Provided data:
* * * * *

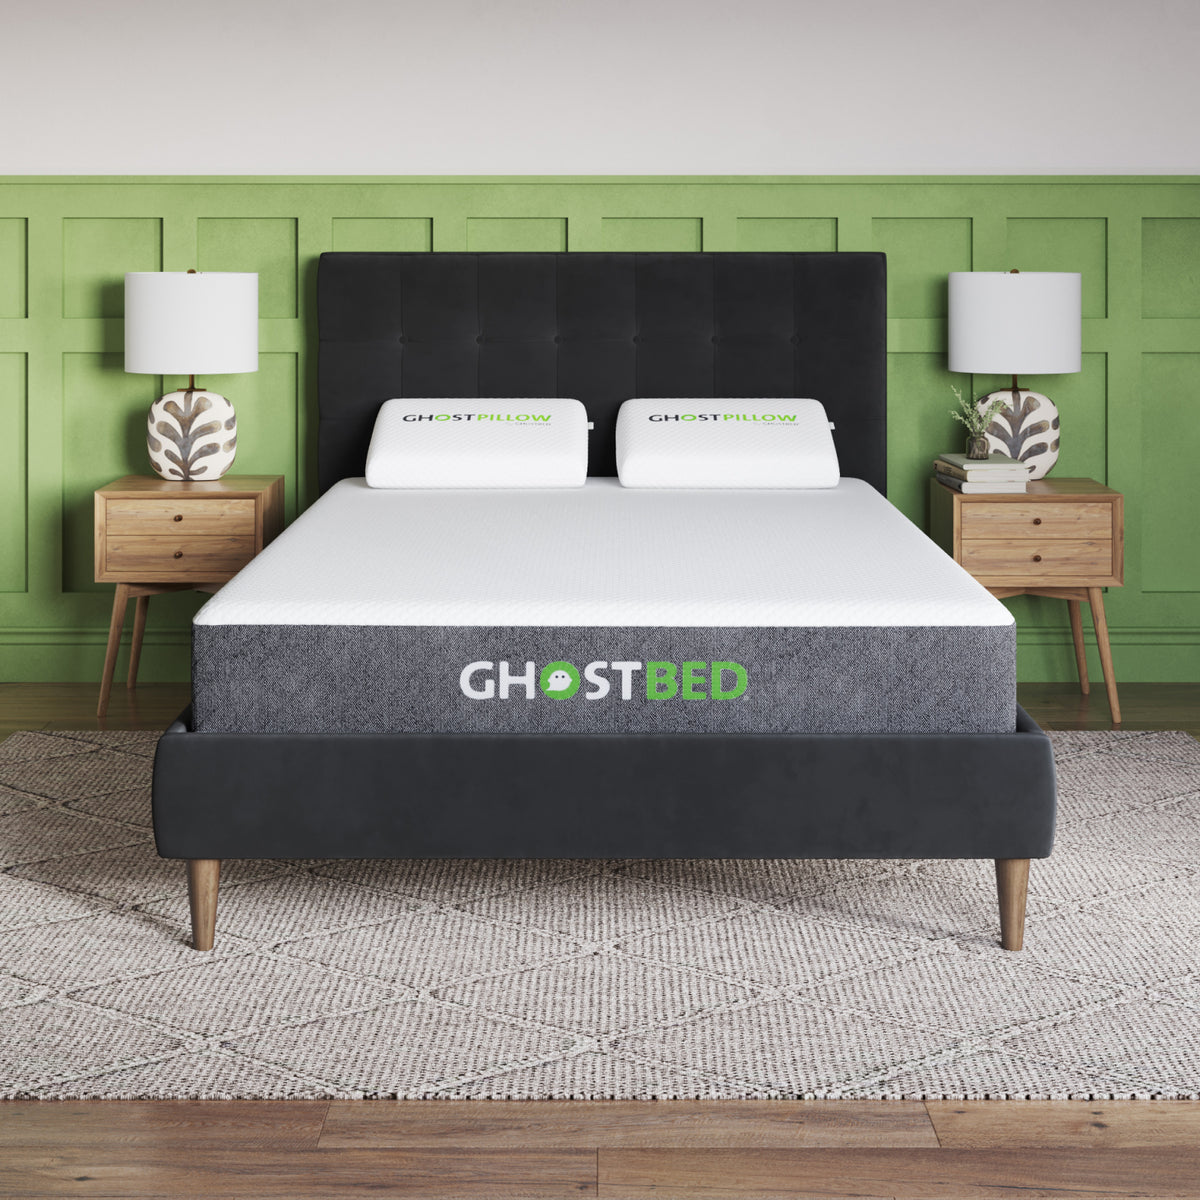 www.ghostbed.com
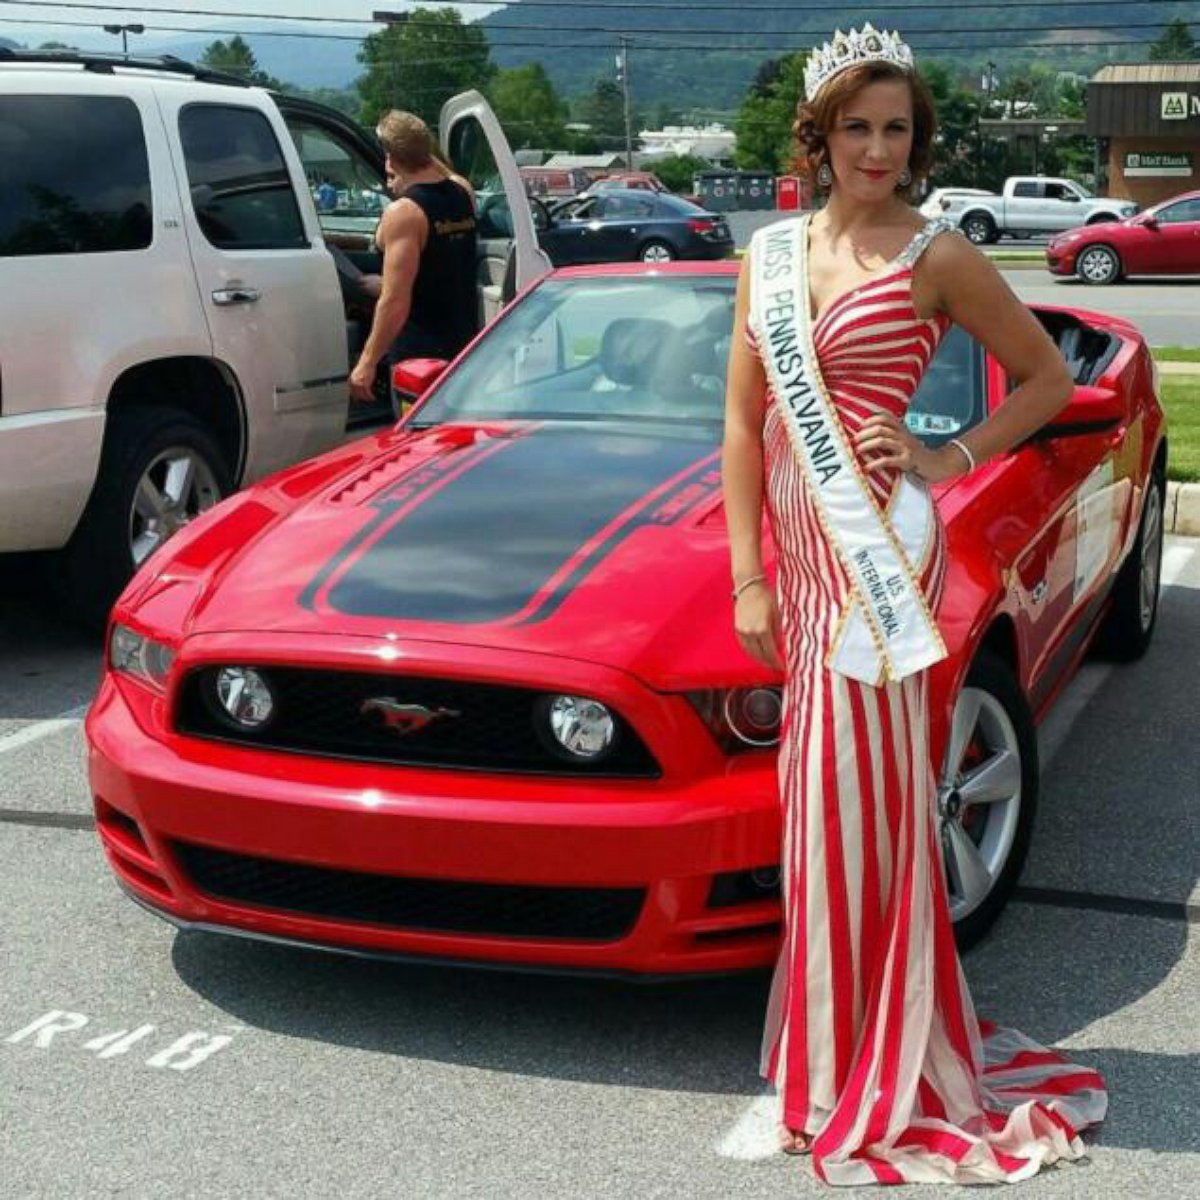 PHOTO: This undated photo was posted to the Facebook page of Brandi Lee Weaver-Gates, a former Miss Pennsylvania U.S. International pageant winner, who was arrested on Aug. 11, 2015 in Bellefonte, Penn.
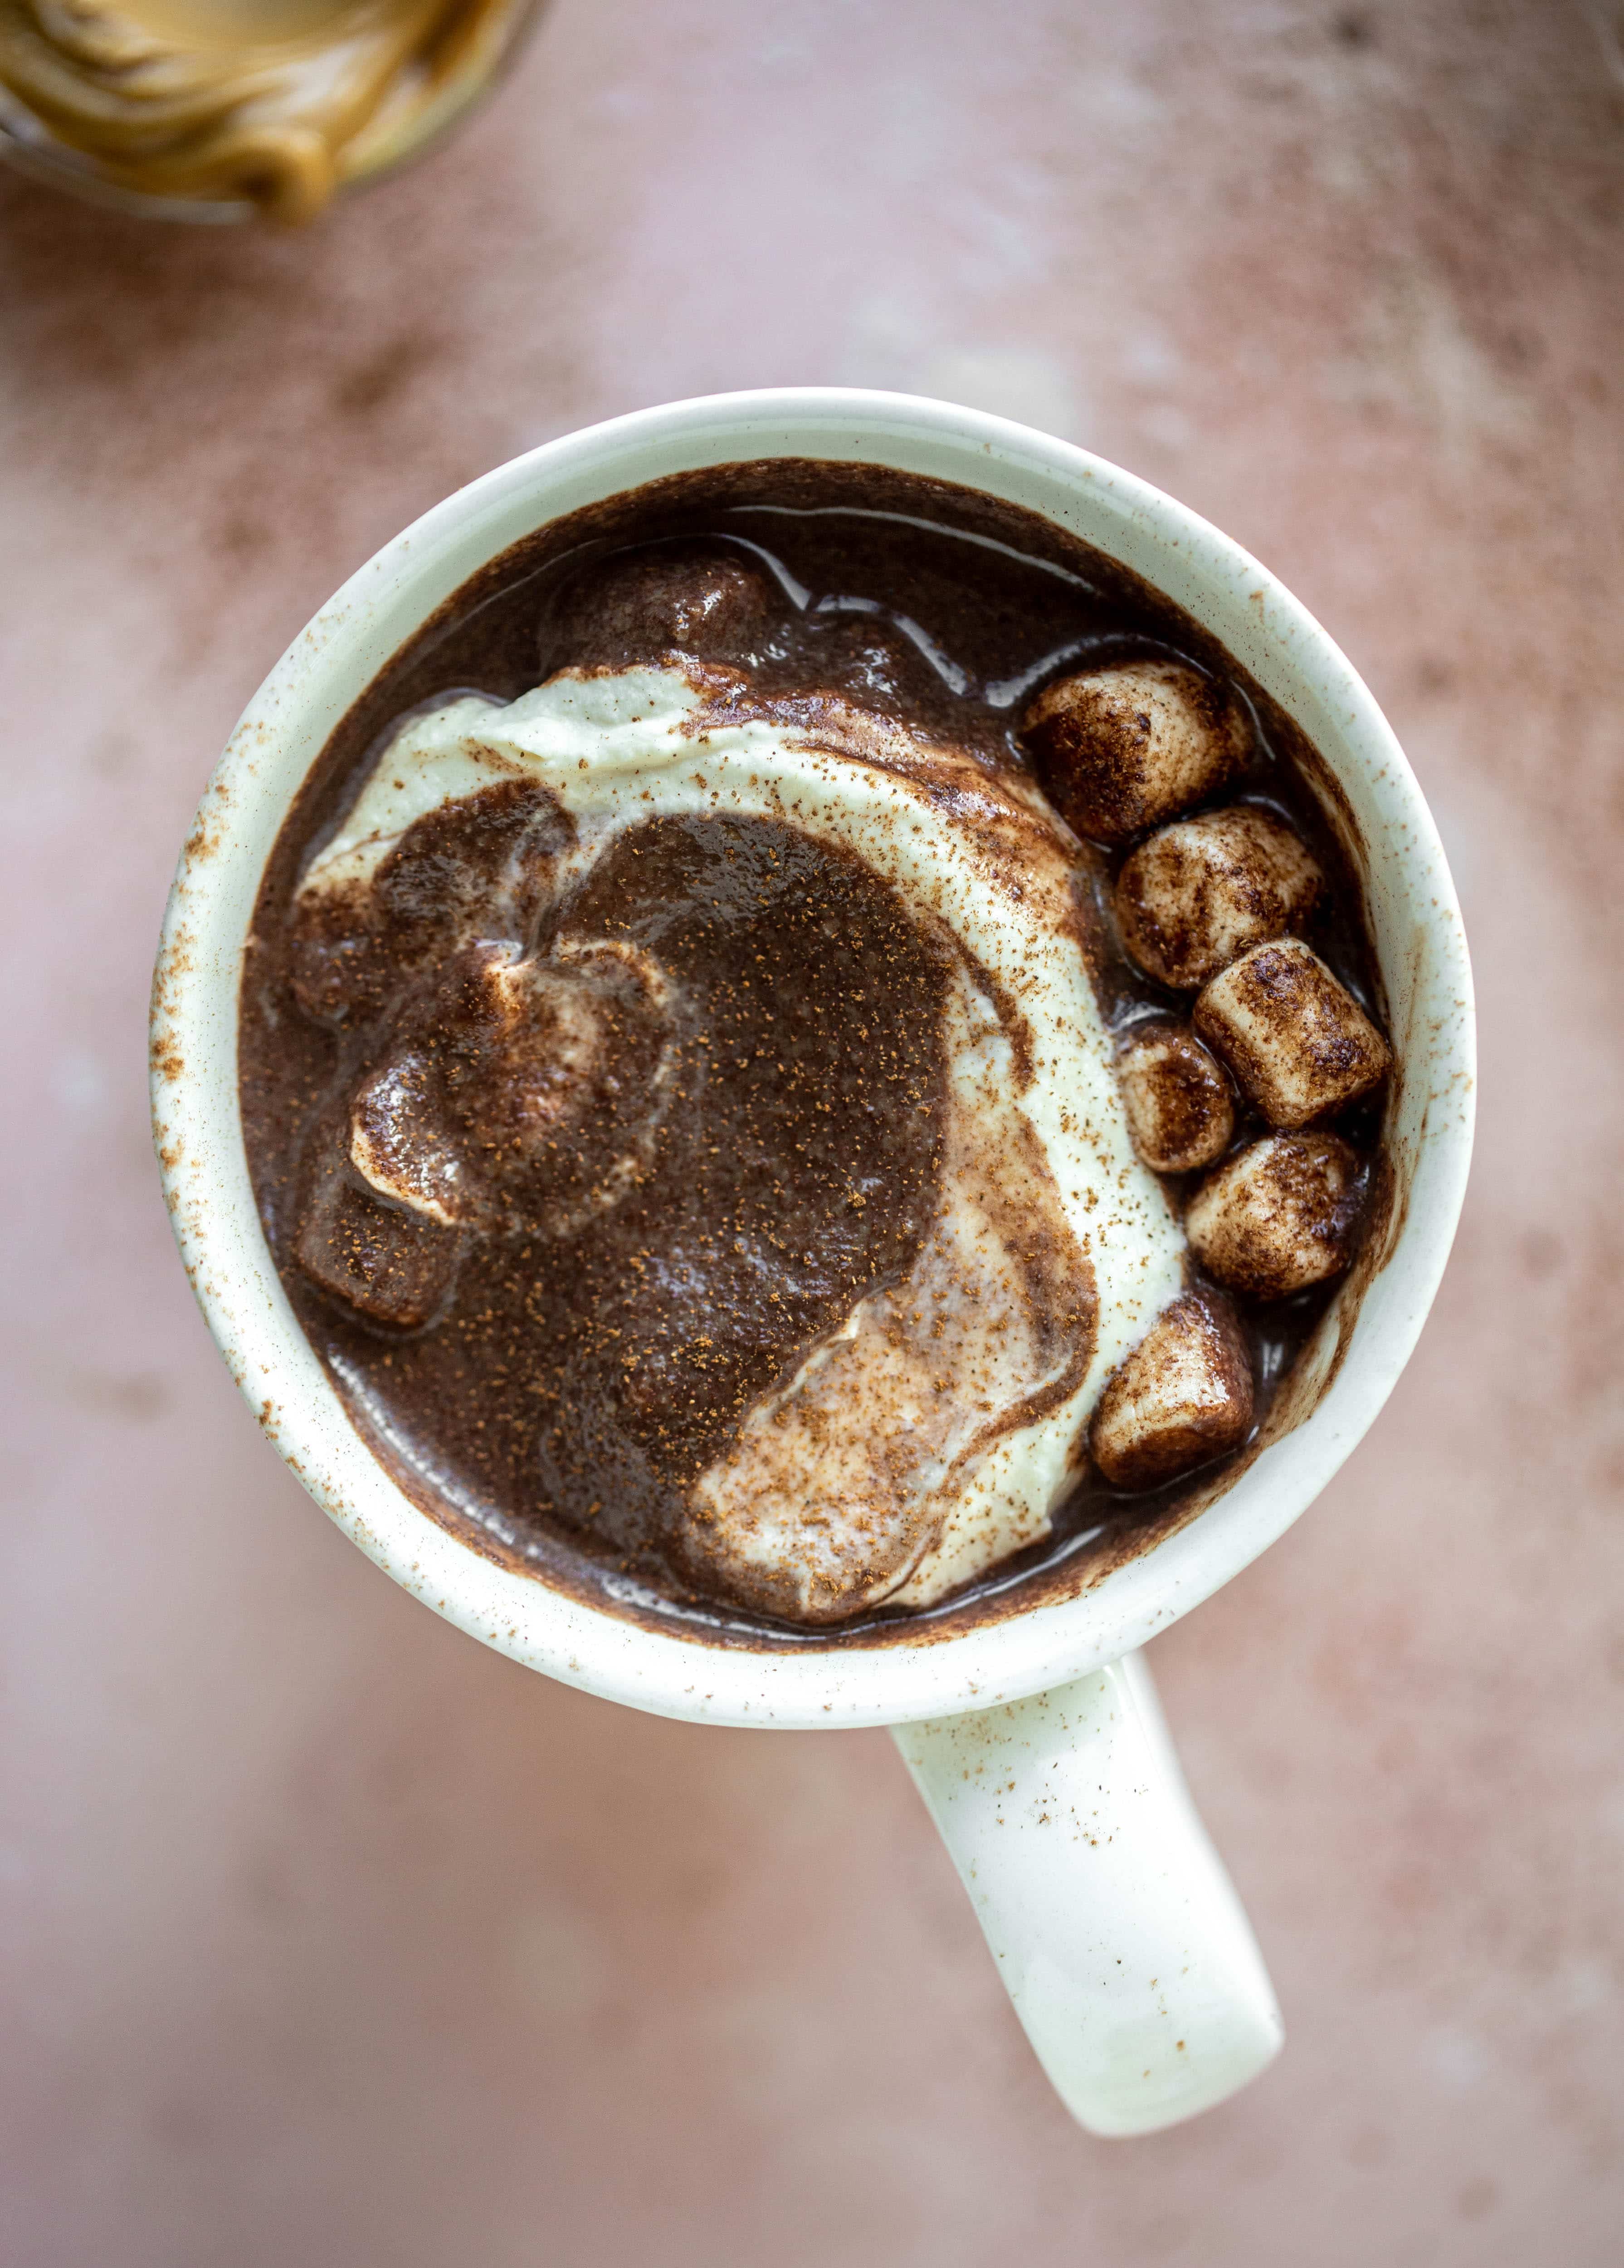 This salted peanut butter hot chocolate is a hug in a mug! It's super decadent, indulgent and cozy. Everyone's favorite flavors in one drink!
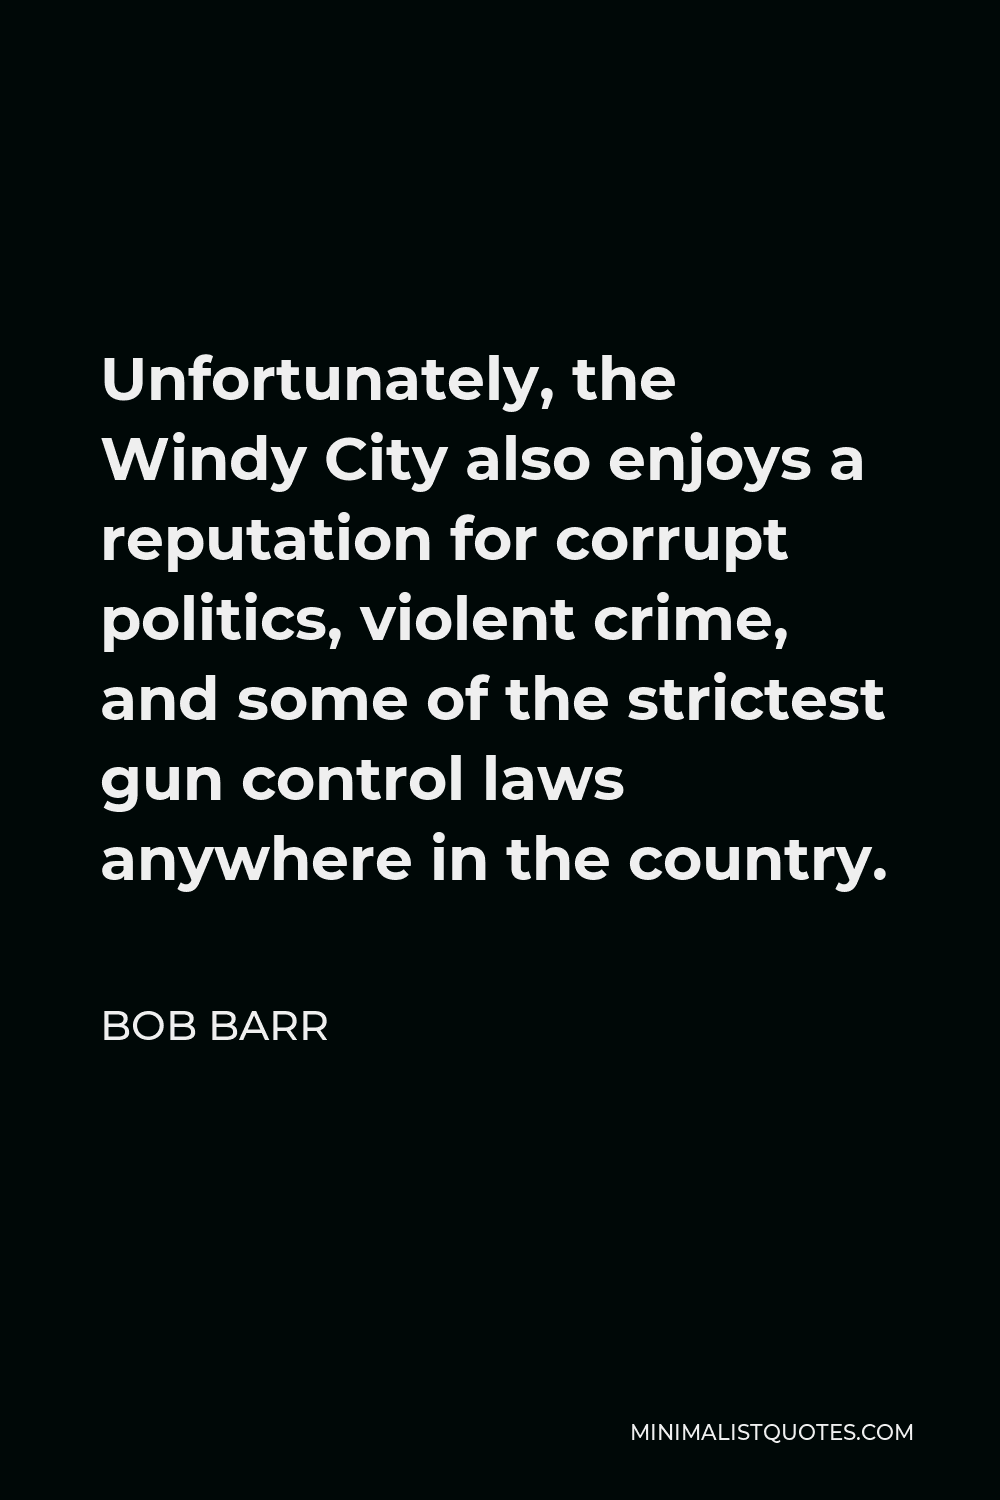 Bob Barr Quote - Unfortunately, the Windy City also enjoys a reputation for corrupt politics, violent crime, and some of the strictest gun control laws anywhere in the country.

* * * * *

Problem description: Reproduce the listing exactly, images omitted.

Response to this task:
 www.ghostbed.com
 PHOTO: This undated photo was posted to the Facebook page of Brandi Lee Weaver-Gates, a former Miss Pennsylvania U.S. International pageant winner, who was arrested on Aug. 11, 2015 in Bellefonte, Penn.
 This salted peanut butter hot chocolate is a hug in a mug! It's super decadent, indulgent and cozy. Everyone's favorite flavors in one drink!
 Bob Barr Quote - Unfortunately, the Windy City also enjoys a reputation for corrupt politics, violent crime, and some of the strictest gun control laws anywhere in the country.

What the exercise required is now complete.